Abstract:
The elucidation of the interaction mechanism between phospholipids and milk proteins within emulsions is pivotal for comprehending the properties of infant formula fat globules. In this study, multispectral methods and molecular docking were employed to explore the relationship between phosphatidylcholine (PC) and whey protein isolate (WPI). Observations indicate that the binding constant, alongside thermodynamic parameters, diminishes as temperature ascends, hinting at a predominantly static quenching mechanism. Predominantly, van der Waals forces and hydrogen bonds constitute the core interactions between WPI and PC. This assertion is further substantiated by Fourier transform infrared spectroscopy, which verifies PC\'s influence on WPI\'s secondary structure.
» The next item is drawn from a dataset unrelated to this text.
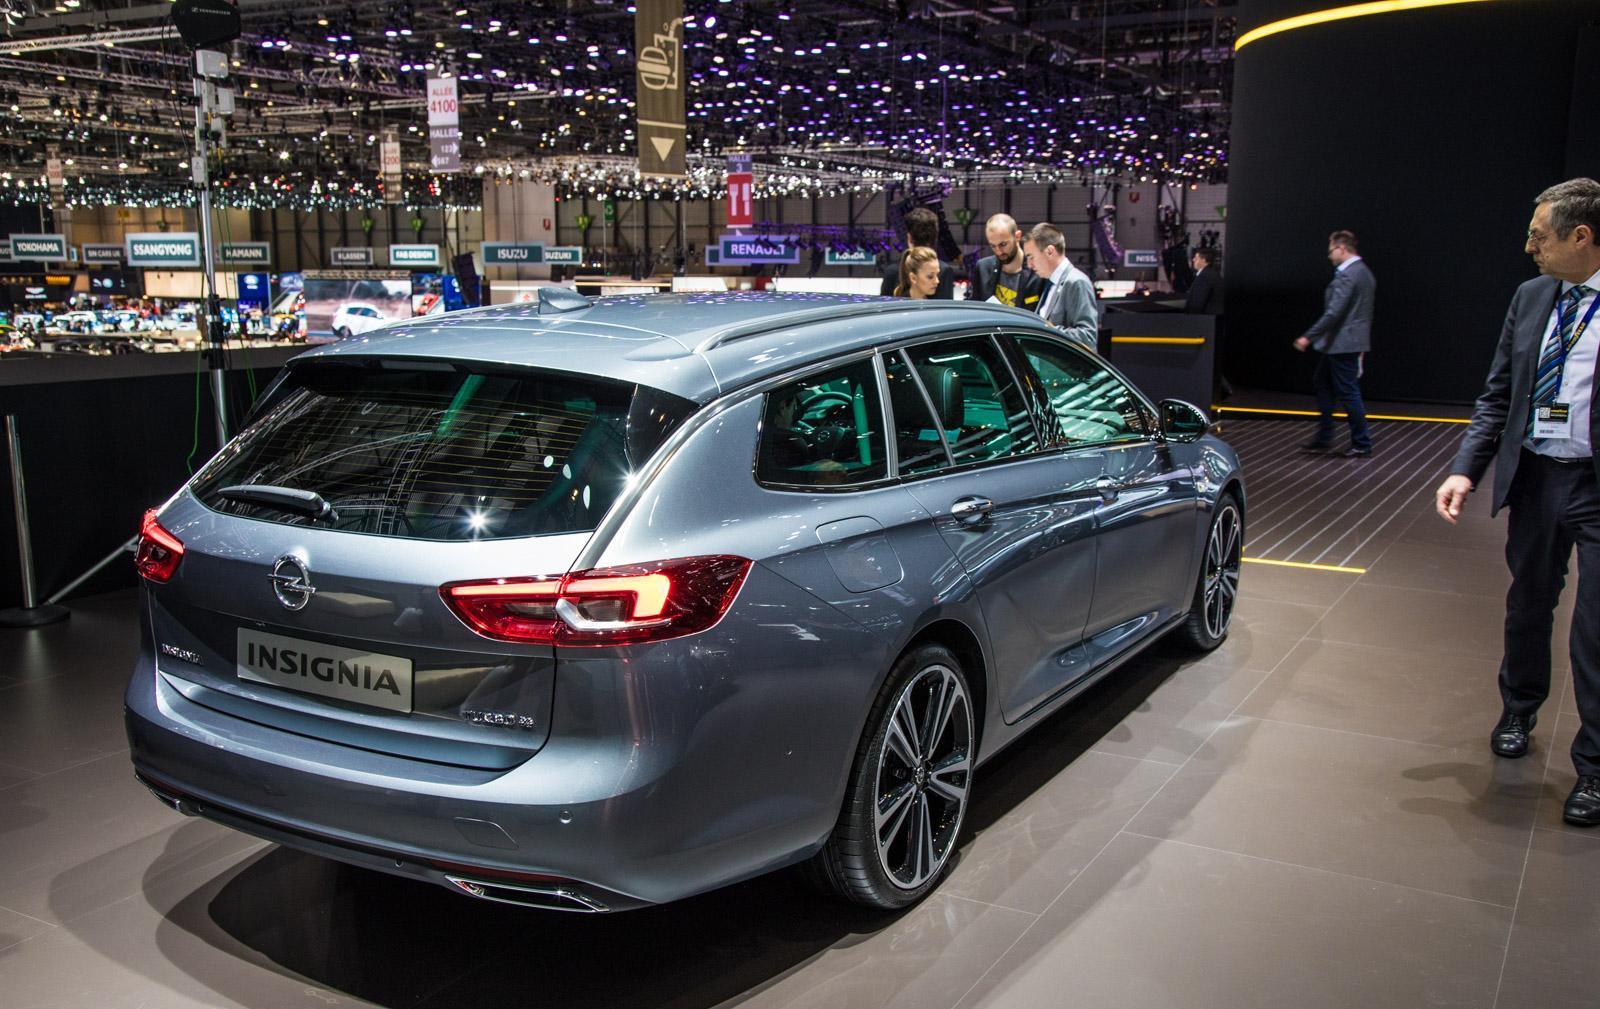 Opel-insignia-003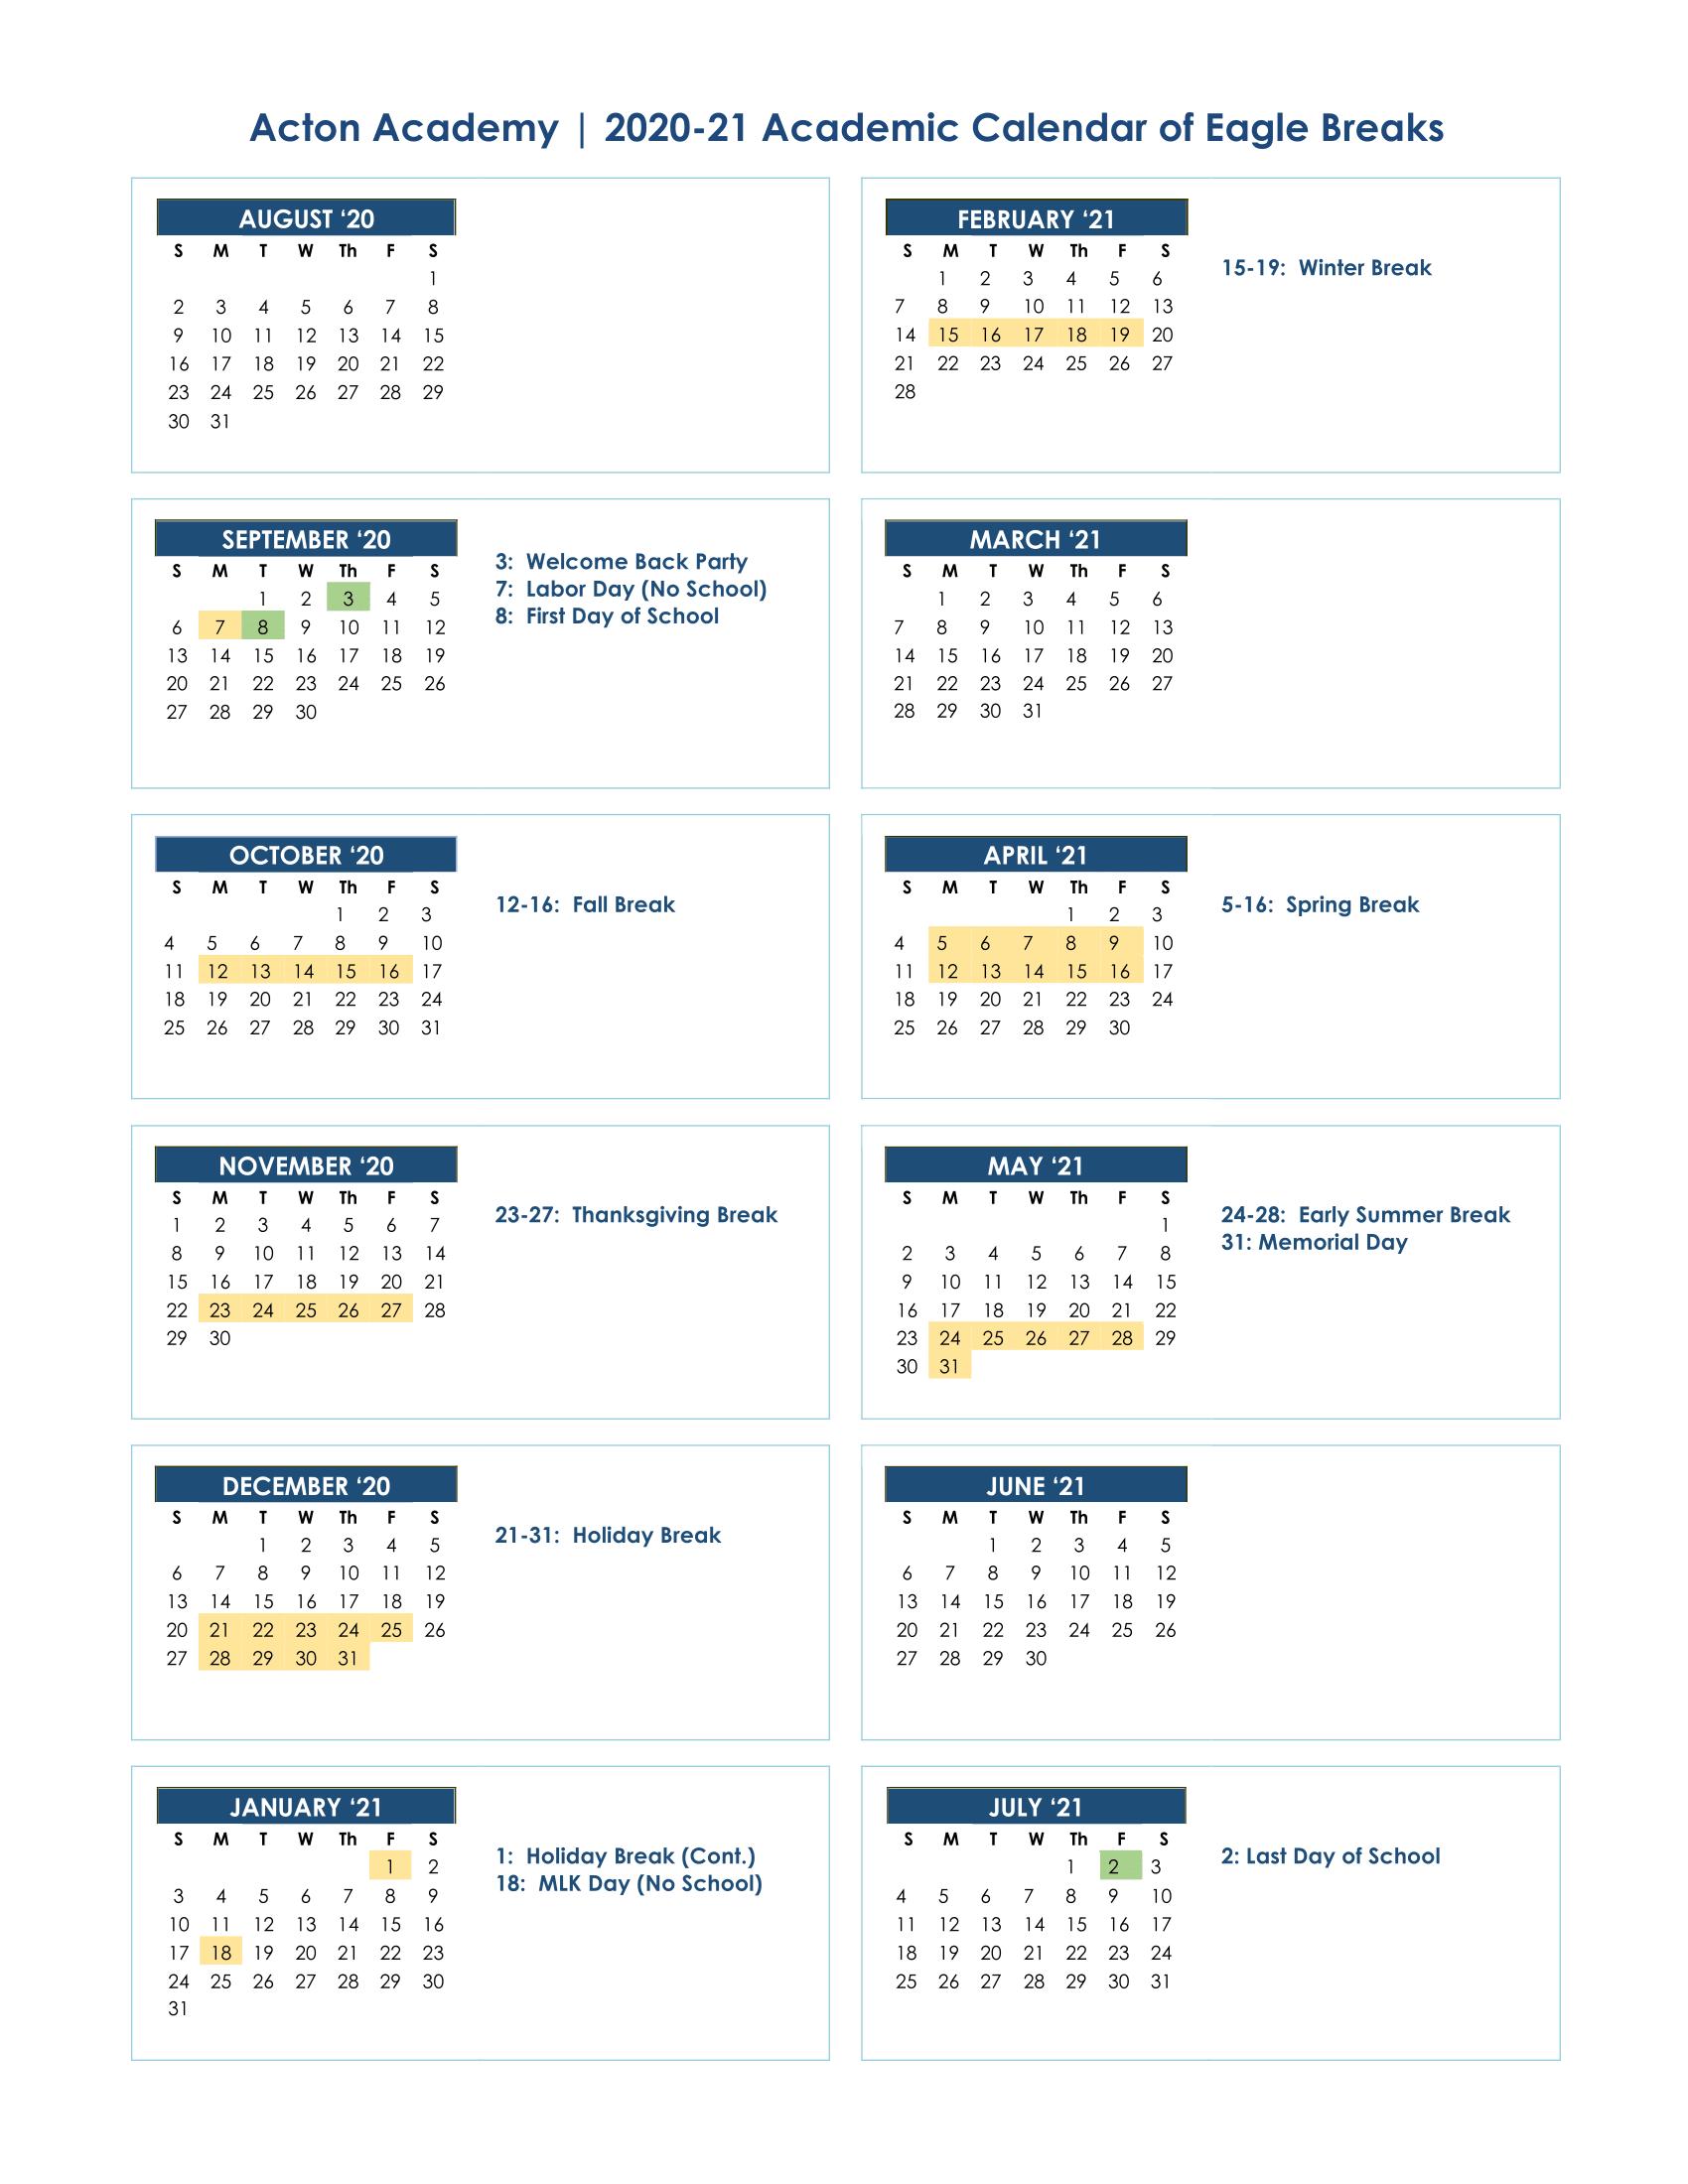 Acton Academy Waco - School Calendar 2020-2021

A detailed assessment of thermodynamic parameters coupled with molecular docking reveals that PC predominantly adheres to specific sites within α-lactalbumin, β-lactoglobulin, and bovine serum albumin, propelled by a synergy of hydrophobic interactions, hydrogen bonding, and van der Waals forces, with binding energies noted at -5.59, -6.71, and -7.85 kcal/mol, respectively. An increment in PC concentration is observed to amplify the emulsification properties of WPI whilst concurrently diminishing the zeta potential. This study establishes a theoretical foundation for applying the PC-WPI interaction mechanism in food.
摘要:
阐明乳液中磷脂和乳蛋白之间的相互作用机制对于理解婴儿配方脂肪球的特性至关重要。在这项研究中,采用多光谱方法和分子对接技术探讨磷脂酰胆碱(PC)与乳清分离蛋白(WPI)的关系。观察表明,结合常数,除了热力学参数,随着温度的升高,暗示主要是静态淬火机制。主要是,范德华力和氢键构成了WPI和PC之间的核心相互作用。傅里叶变换红外光谱进一步证实了这一论断,用于验证PC对WPI二级结构的影响。对分子对接的热力学参数的详细评估表明,PC主要粘附于α-乳清蛋白内的特定位点,β-乳球蛋白,和牛血清白蛋白,由疏水相互作用的协同作用推动,氢键,和范德华部队,结合能分别为-5.59、-6.71和-7.85kcal/mol,分别。观察到PC浓度的增加放大了WPI的乳化性质,同时降低了ζ电位。本研究为PC-WPI相互作用机制在食品中的应用奠定了理论基础。